April 20, 2004

Grice, Pascal, the Times, and Barry Bonds

"Le moi est haissable," said Pascal, and nowhere so much as at The New York Times. Take the story by Lee Jenkins on today's front page about Barry Bonds, centering on his "aloofness" and "frosty demeanor." By way of making his point, the writer says:

"I just wanted to meet Barry," Ellison said as he dragged his vessel back into the water. "I just wanted to shake his hand."

That proposition can be as daunting as catching one of his rising line drives. When a reporter hovered near Bonds, a hulking left fielder, for the first time, Bonds asked: "What do you want? Why are you looking at me? I don't like people staring at me." Then he loped onto the field, where more than 40,000 people studied his every move.

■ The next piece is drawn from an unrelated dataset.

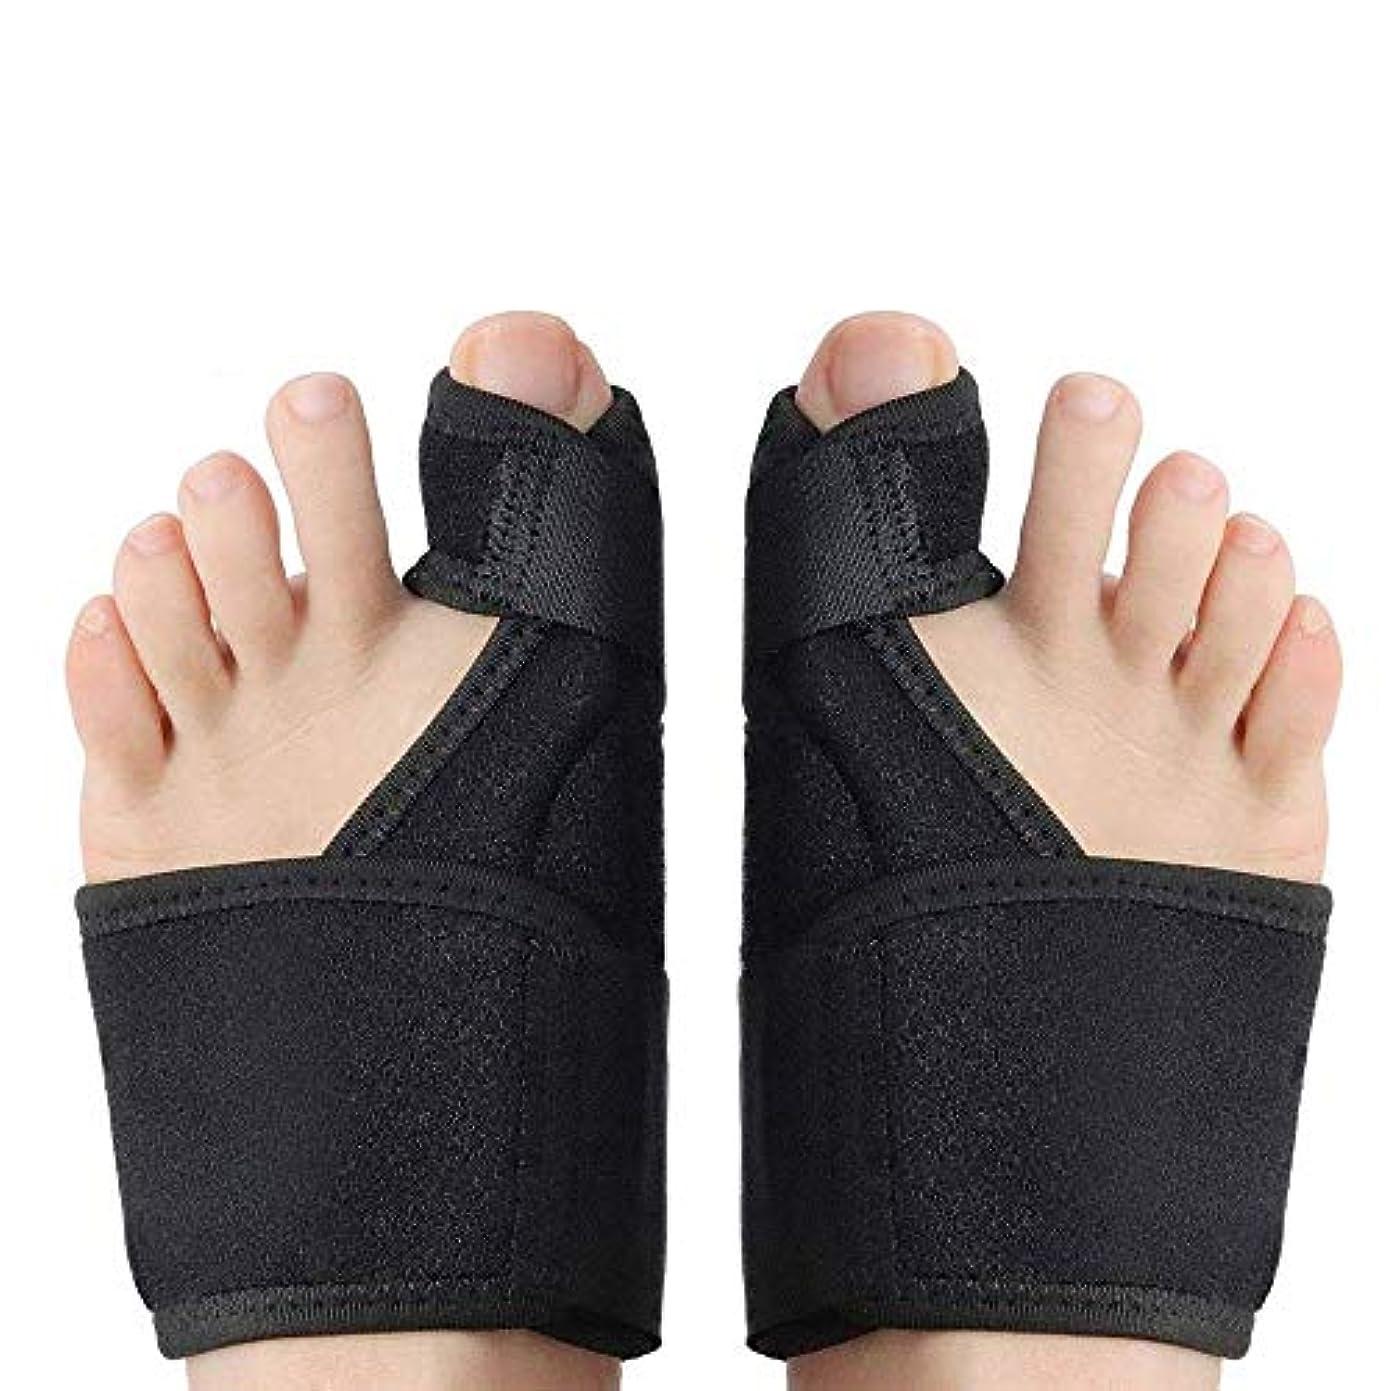 スライム発掘する登場腱膜矯正および腱膜弛緩整形外科のつま先ストレイテナー御馳走して外反母趾装具快適な外反ベルトアップグレードパッケージ

Ordinarily, you would take that description "a reporter" as denoting someone other than the writer, on the assumption that otherwise the writer would be flouting Paul Grice's Maxim of Quantity by giving less information than was relevant.

As Grice famously notes, when someone says that Jones is meeting a woman tonight, we assume that the speaker knows that the woman in question is someone other than Jones' wife or mother.

But the institutionalized diffidence of The Times trumps that principle, even if the immediately following paragraph makes it clear that the reporter in question is none other than the writer:

It is difficult to home in on Bonds, but not impossible. After insisting he would not give interviews -- "I don't like a lot of stupid questions and questions people already know the answer to," he said -- he relented rather easily.

The Times' interdiction against using "I" may be imposed in the service of objectivity, but in this case its effect is exactly the opposite -- it turns a statement that might otherwise be suspected of resting on wounded amour propre into one that has the sound of a neutral, third-party observation. You have the feeling that a local sports reporter would have told Jenkins that what he perceived as "hovering" was likely to have been perceived by Bonds as something more intrusive than that.

PS: LanguageHat writes to remind me that the avoidance of I is scarcely restricted to the Times. True enough -- I'm probably overly sensitive to all the slights that Bonds suffers at the hands of national sportswriters, who aren't aware of the mutually appreciative relationship between him and the fans.